Additionally, AM Best has placed under review with negative implications the financial strength ratings of A (excellent) and the long-term ICRs of “a” of SIG’s main subsidiaries - Sirius Bermuda Insurance Company, Sirius International Insurance Corporation (Sweden), and Sirius America Insurance Company.

The agency confirmed that these credit rating actions follow the announcement that SIG’s parent, Sirius International Insurance Group (SIIG), is exercising its call option to acquire all of Delek Group’s remaining holdings (47.35 percent) in The Phoenix Holdings, a leading insurance group in Israel that writes life and non-life business, for a cash sum of NIS 2.3 billion (approximately $653 million).

The transaction will provide SIIG with a controlling stake (52.25 percent) of The Phoenix, complementing the acquisition made in September this year of an initial 4.9 percent of shares for NIS 208 million in cash.
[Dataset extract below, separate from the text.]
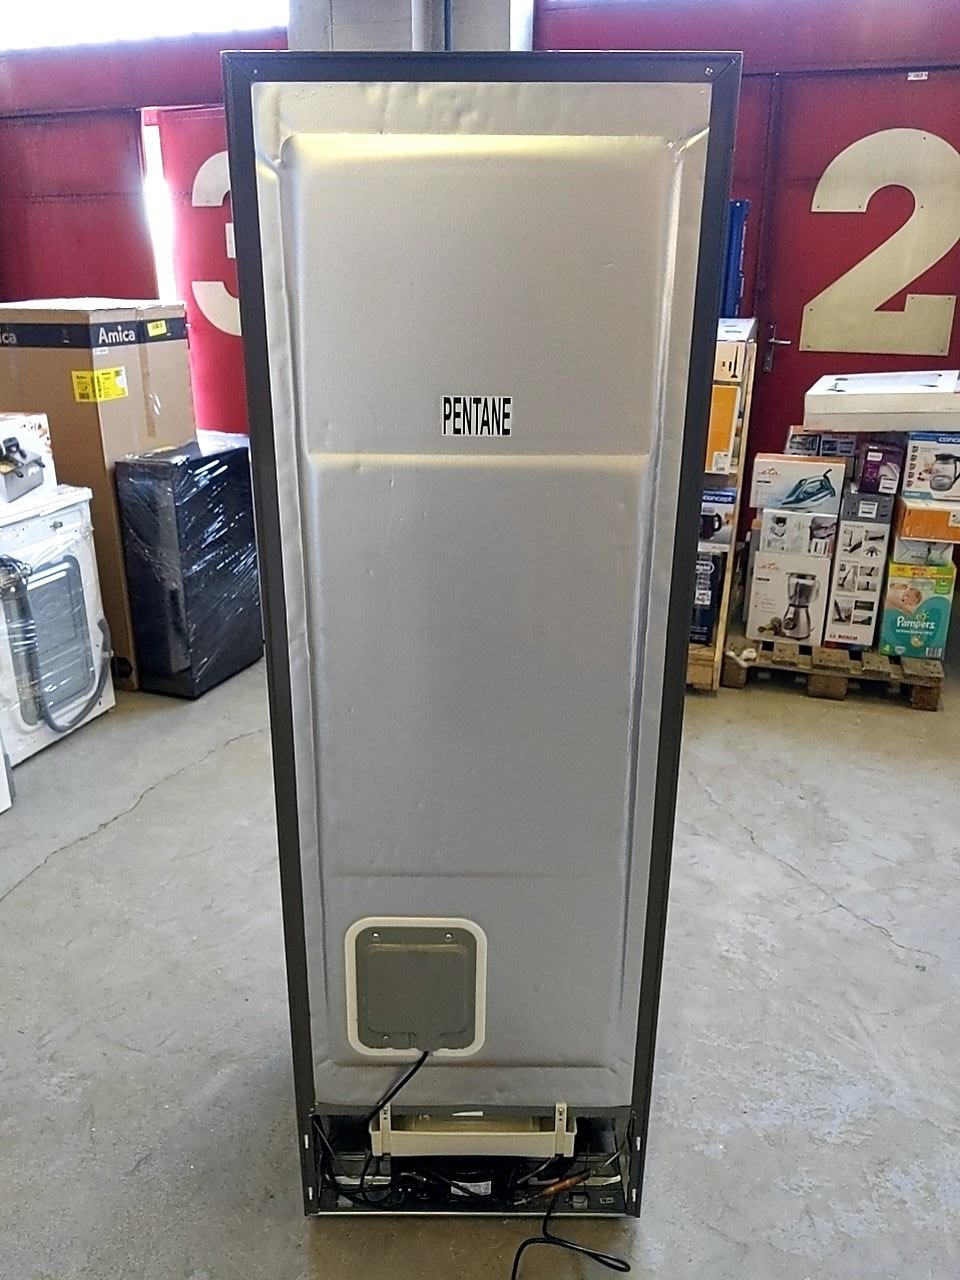 Kombinovaná chladnička Gorenje N6A2XL4

The acquisition is expected to close in the first half of 2018 and remains subject to regulatory approvals.

According to the statement, the under review status with negative implications reflects concerns that the acquisition carries execution risk stemming from the size of the group being acquired, and changes SIIG’s strategic direction, as The Phoenix is specialised in primary business with significant life insurance and asset management activities. Whilst The Phoenix has a track record of solid operating performance, the successful integration of its activities will depend on SIIG’s ability to retain key management.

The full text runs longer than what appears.